Inter-State migrant worker Act


An inter-State migrant worker is anyone employed by or through an agent in one State through an agreement or arrangement to be used in an establishment in another State, either with or without the employer’s knowledge regarding the establishment [11.

Workers’ migration to India is not a new idea, but it has gained special significance for the country and society due to the opening to world markets. The economic policies of India and the 1991 monetary policy of India, where India took on Liberalization, Privatization, and Globalization (LPG), provide the opportunity for rural workers in India to work outside of their country of origin and become part of the founding team of the developing India.

Answering this query isn’t easy to determine and depends on many factors. On one side, globalization has brought new possibilities for workers, which include opportunities to work in different and contemporary contexts.

However, the increasing movement of employees has caused the abuse of workers in certain instances since employers attempt to exploit workers who do not know their rights. To ensure that globalization doesn’t cause the exploitation of workers, it is essential to create safeguards to provide workers’ rights.

The Inter-State Migrant Workmen (Regulation of Employment and Conditions of Service) Act, 1979, was enacted to safeguard the rights of workers who are migrants in India. The Act was passed by the courts in Maneka Gandhi vs. Union of India[2] and Francis Coralie Mullin vs. Administrator of the Delhi Union territory[3in which the area of the Right to Live was expanded. The Court declares that the non-observance of the directives of the Inter-State Migrant Worker Act also relates to the violation of Article 21.

The Coronavirus and the migrant workers

Sixteen migrant workers died on May 8, 2020, in the Jalna in the Jalna and Aurangabad districts of Maharashtra as a freight train struck them while they tried to walk back home to Madhya Pradesh, their home State. [4] The abrupt nationwide lockdown that was put in place on March 24, in the aftermath of the latest coronavirus epidemic, has angered many workers who are migrants across the nation

Many people have been observed trying to walk from their workplaces across Rajasthan, Delhi, Maharashtra, Gujarat, and other states to their homes located in Uttar Pradesh, Bihar, West Bengal, and Odisha.
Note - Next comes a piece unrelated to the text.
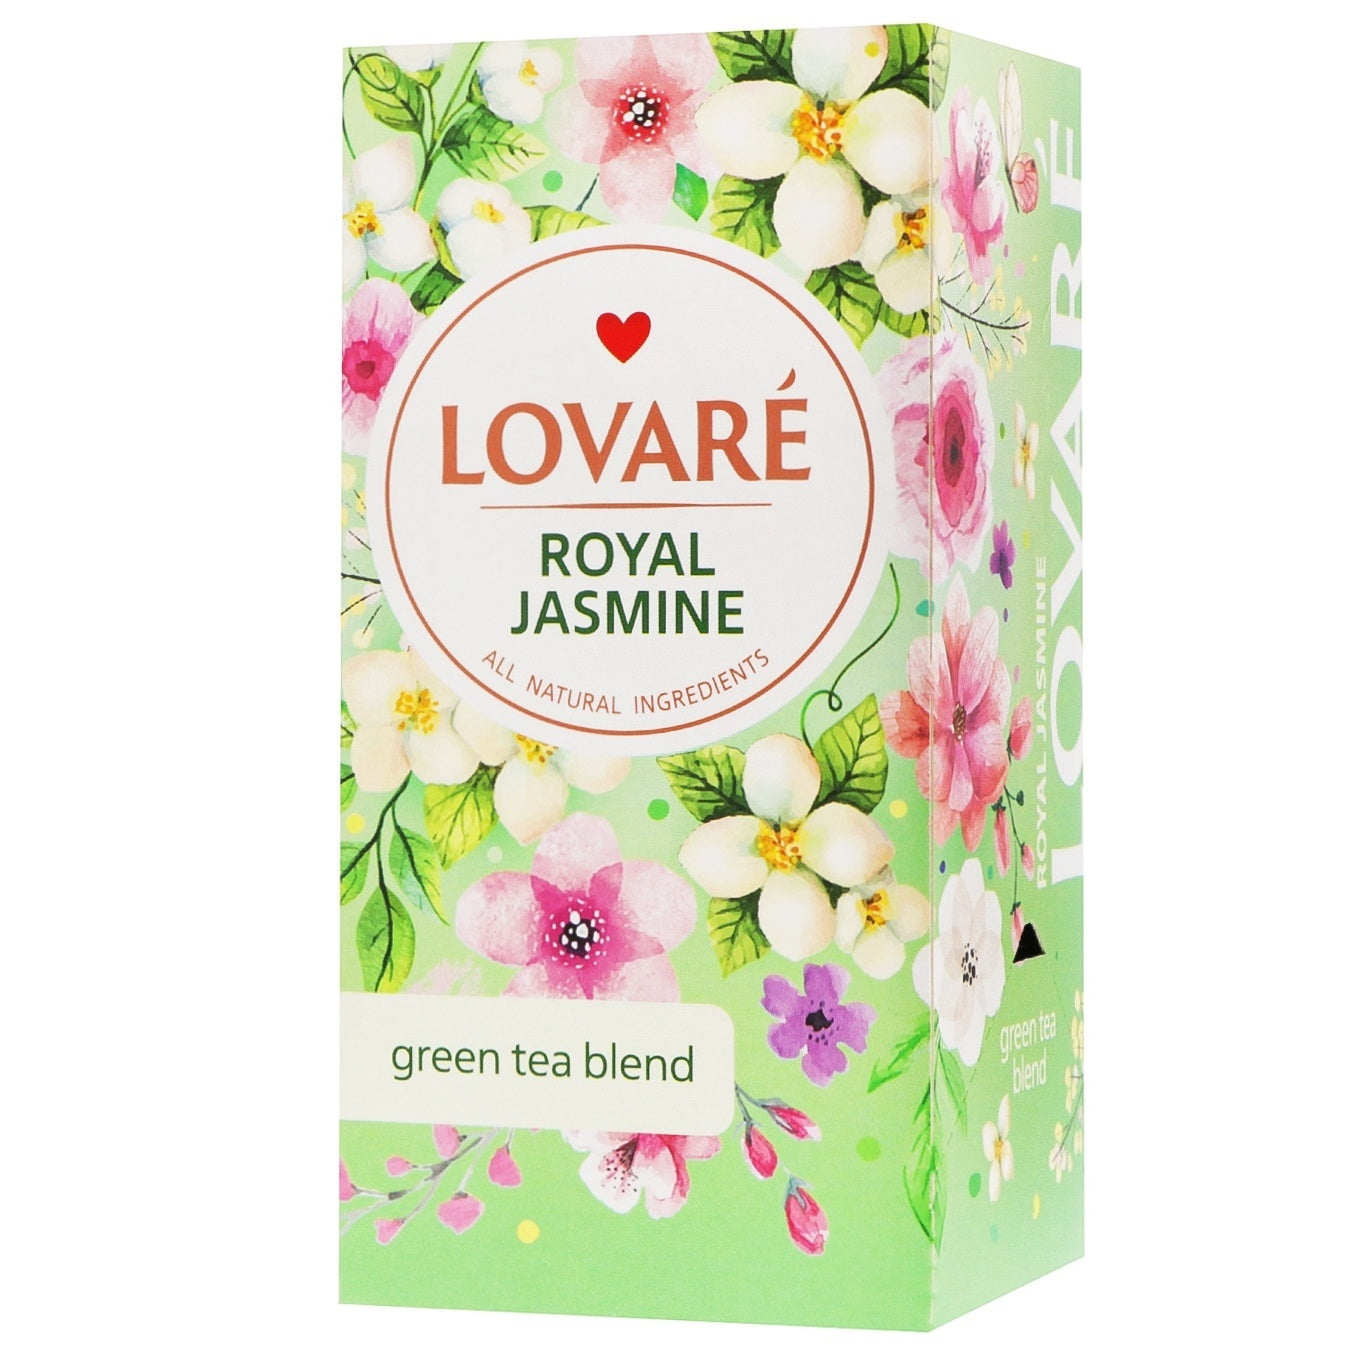 pack of Lovare Royal Jasmine Tea, 36g

Their safety and the absence of protection under the law for their rights are a source of concern. The 1979 legislation passed to regulate working conditions, and employment of immigrants from the United States is popular with labor welfare workers. Yet, they think it was not correctly implemented, leading to an indifference to workers’ rights under the law.

The Court has ruled its position in Shashank S. Mangal & Anr. vs. Govt. in the NCT of Delhi & Ors. The recent turmoil involving workers who are migrants to the country has faced demonstrated the urgency requirement for accurate information available at all times for effective enforcement and application of the Act.
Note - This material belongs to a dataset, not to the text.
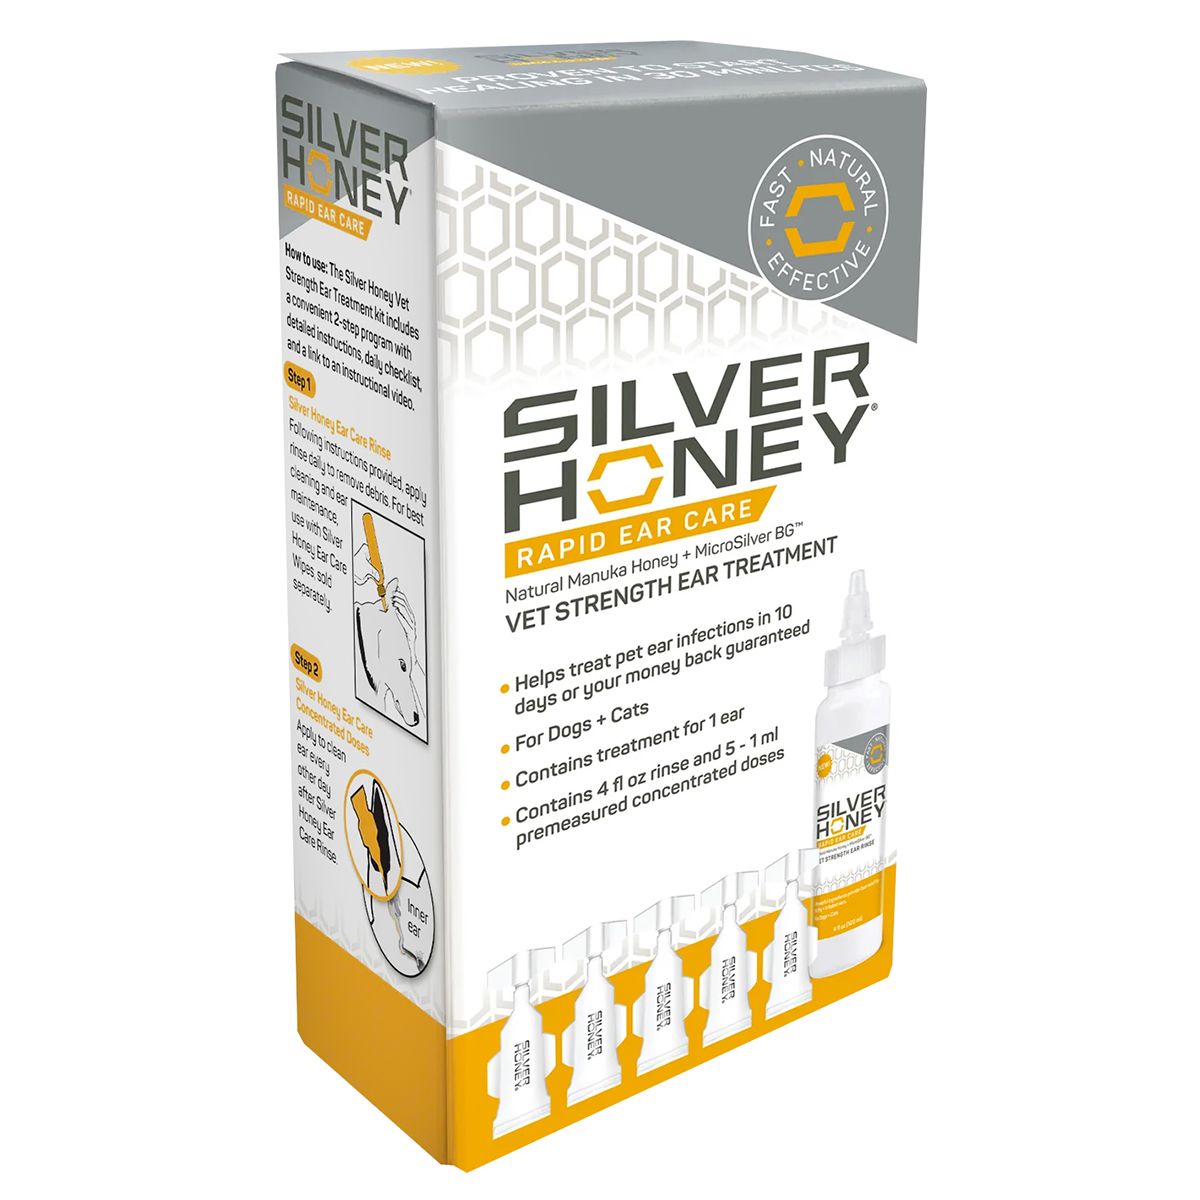 Silver Honey Rapid Ear Care Vet Strength Ear Treatment 4 oz.

This is particularly important in a pandemic, such as COVID-19, or any other emergency. The vertical integration of information collection is required to ensure that the information about migrants from the Central Government and the States is collected, cross-checked, and stored promptly and immediately. These data are essential to be able to inform any action that is taken to assist migrants.
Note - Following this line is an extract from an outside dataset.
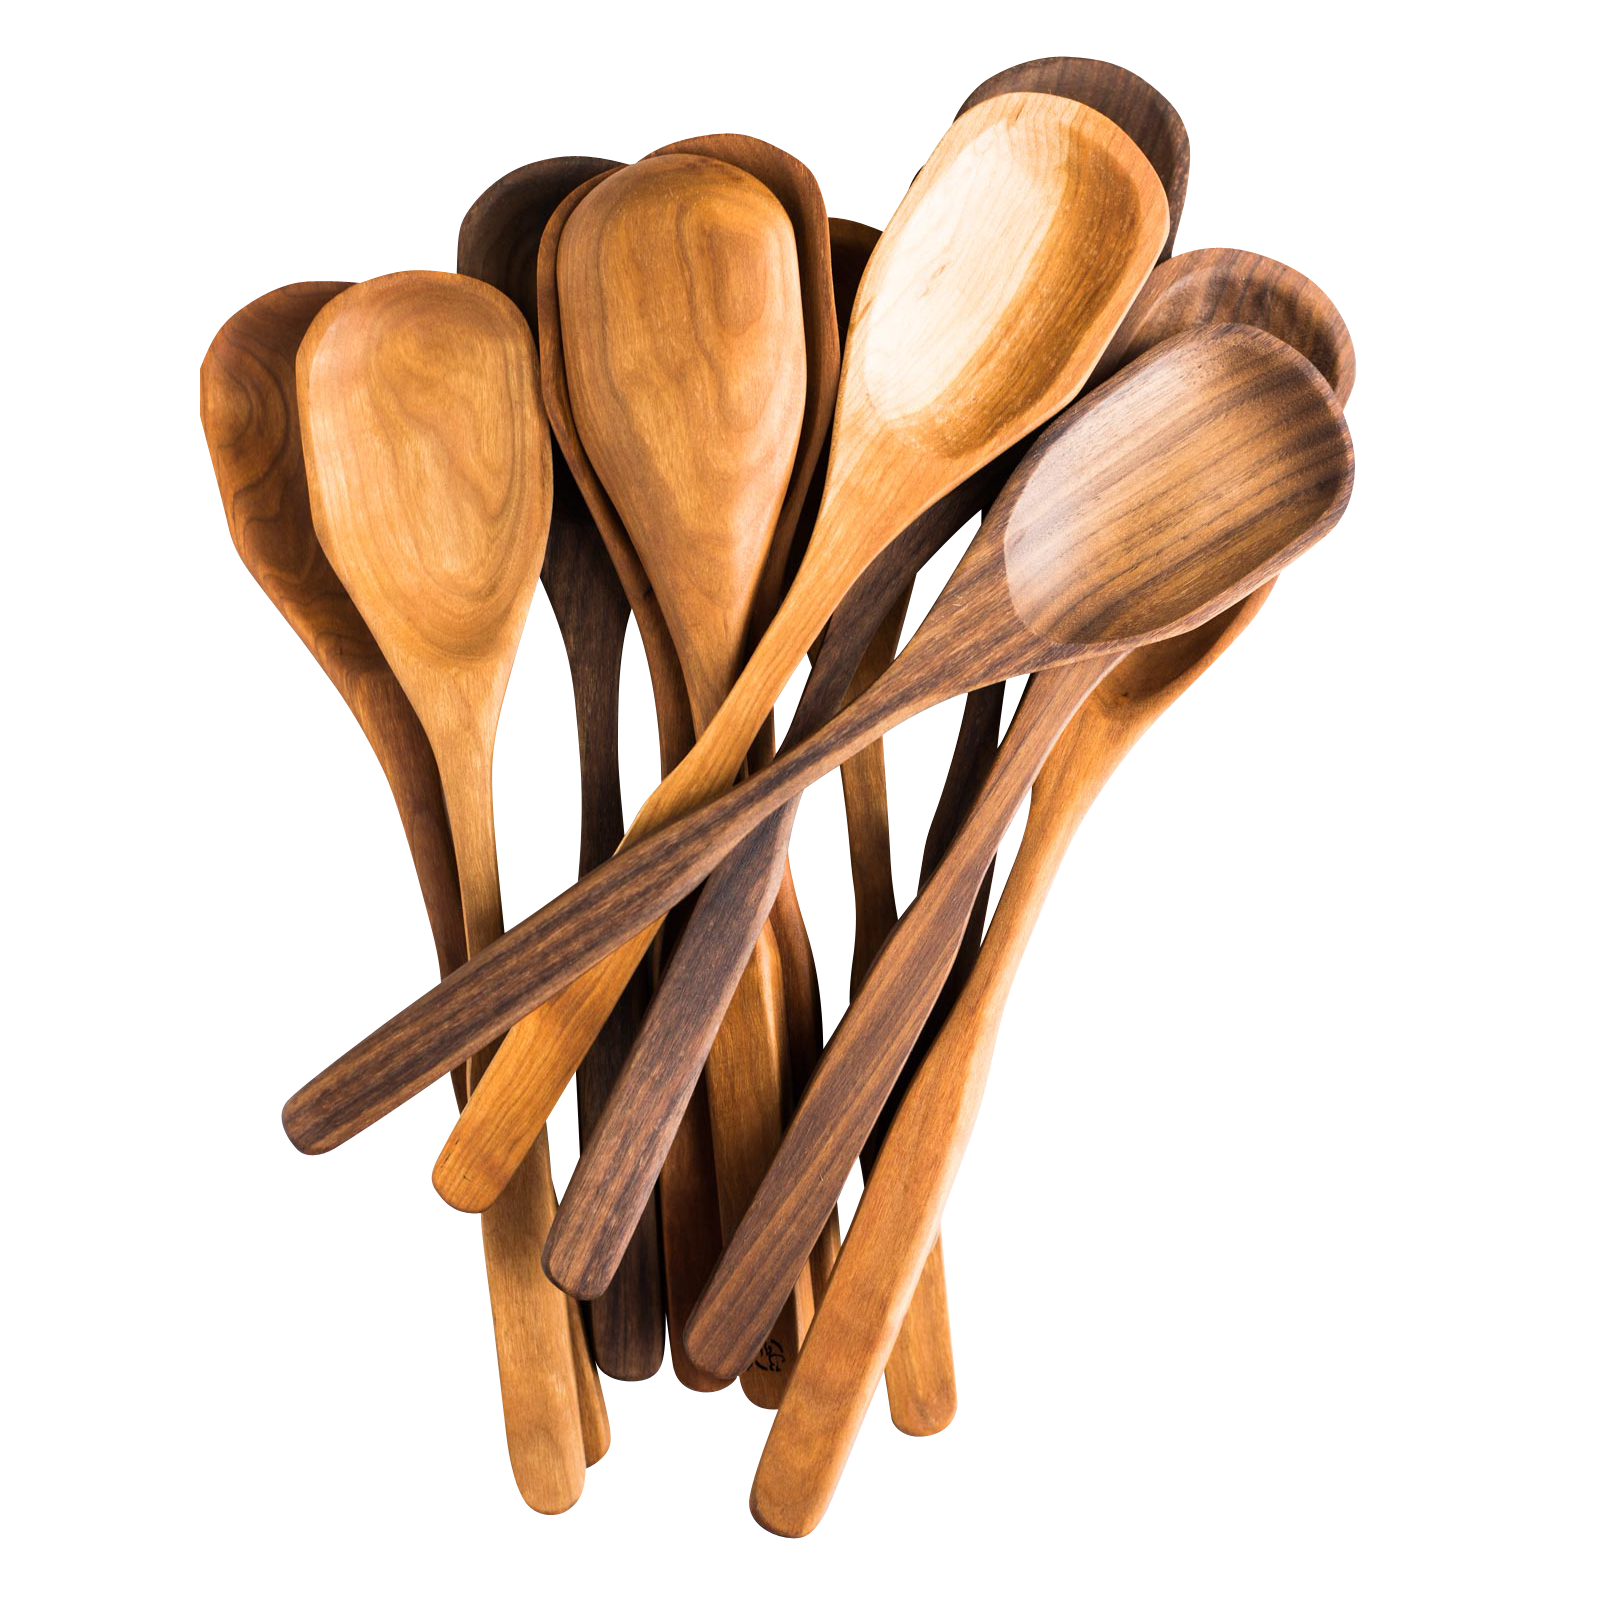 Wooden spoon. Деревянная ложка. Оркестр с деревянными ложками. Деревянная ложка клипарт.

Workers from other states (regulation of work and conditions of service) Act of 1979

It was simple for recruiters to infringe rights of the fundamental rights of migrant workers from other states to gain a profit. There was no limit on the migrant laborers’ working hours; they were also forced to work all days of the week in deplorable working conditions.

The committee compact, established in February 1997 upon the advice of the State Labour Ministers Conference, suggested adopting separate legislation centrally to regulate the hiring of interstate workers who are migrants.

In consultation with the state administration and relevant ministers, the Interstate Migrants’ Workers (Regulation on employment conditions) Act, 1979, was adopted to protect the rights of migrants in India. Interstate, the migrant worker’s Act of 1979, is complied with by any establishment employing five or more employees from a different state on any day within twelve months. Additionally, this law applies to contractors that use five or more foreign workers.

The Act permits the registration of migrants and their employers to supervise their work and conditions. Employers are prohibited from hiring workers who are migrants from another state without an official certificate from a reputable authority.